Mütevazı, kendisiyle ya da şeylerle övünmeyi sevmeyen, gösteriş yapmayan, alçak gönüllü kişiler için adlandırılan kavram olarak sosyal hayatımızda adlandırılır.
Mütevazılık sürekli hale gelmiş bir özeleştiri kabiliyetidir.
İnsanın kendinden kuşku duyabilme, haddi hududunu bilip kendi sınırlarına çekilebilme
becerisidir. N e olduğunu, ne olmadığını bilmek ve kendini öylece kabul etmektir.
Mütevazı insan özür dileyip iki de bir kendisini suçlayan insan değildir.
Mütevazı insan değer verdiği insan tarafından fikirleri alınıp sonra o fikirleri çöpe atılan insan değildir.
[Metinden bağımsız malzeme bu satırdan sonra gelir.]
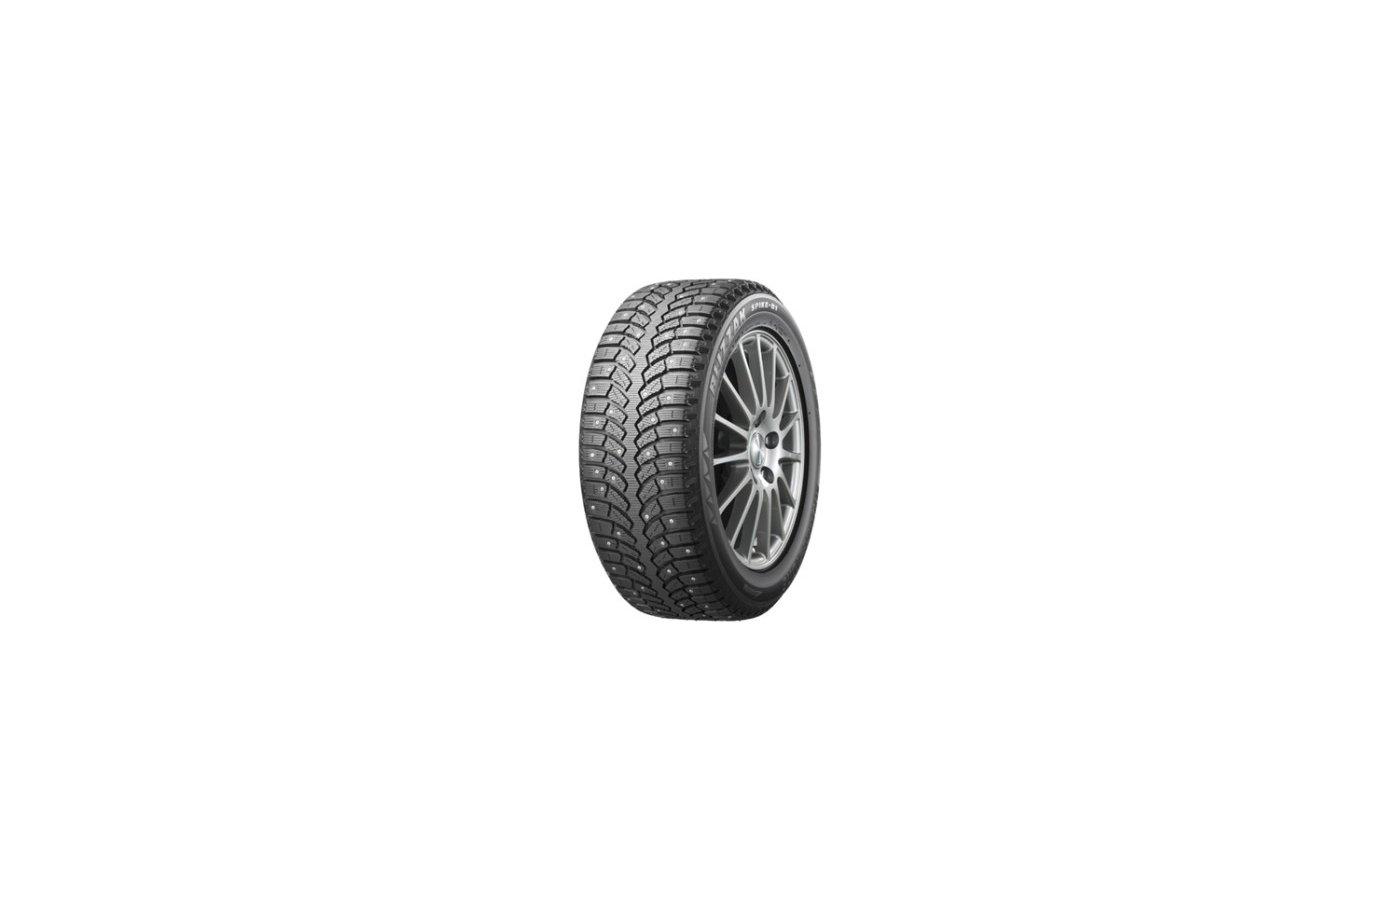 Шина Bridgestone Blizzak Spike-01 185/60 R14 TL 82T шип

Ancak kıymet verdiği insana verdiği kıymetten, onu yalnız bırakmamak, kıymet verdiğinin maddi manevi zararlara girmesini engellemek ya da kıymet verdiğinin içine sokulduğu maddi manevi fanusta nefessiz bırakılmasına seyirci kalmamak için kıymet verdiğince kendisine değer verilmemesine, sözlerinin dinlenmemesine rağmen adeta mücadelesine devam eder.
Tabi iki bu bir noktaya kadar gider, çünkü mütevazi insan, kıymet verdiğince sözlerinin, yaptıklarının değersizleştirilmesini, hatta yok sayılmasını üzülerek kalbine gömer.
Mütevazılık üzerine önemli söz aklıma geldi; “insan kişiliğinde mesleği mütevazı olmamalı.”
Mütevazı insanı en çok üzen ne kendisine yapılan haksızlık ne de sözlerinin ve yaptıklarının değersizleştirilmesi, kıymetsizleştirilmesi ve kaale alınmamasıdır.
Mütevazı insanı en çok üzen kıymet verdiğinin onun maddi manevi zarara uğratılmasının gözlerinin önünde devam etmesi olur.
Aslında vicdanlı her insan, ister mütevazı olsun ister olmasın kıymet verdiğinin sahte samimiyetlerle kandırılmasını maddi manevi sömürülmesine kalpten üzülür, acı çeker.
Gönlünüz ve kalbiniz mütevazılıklarınıza değer verilmesiyle yakın olsun.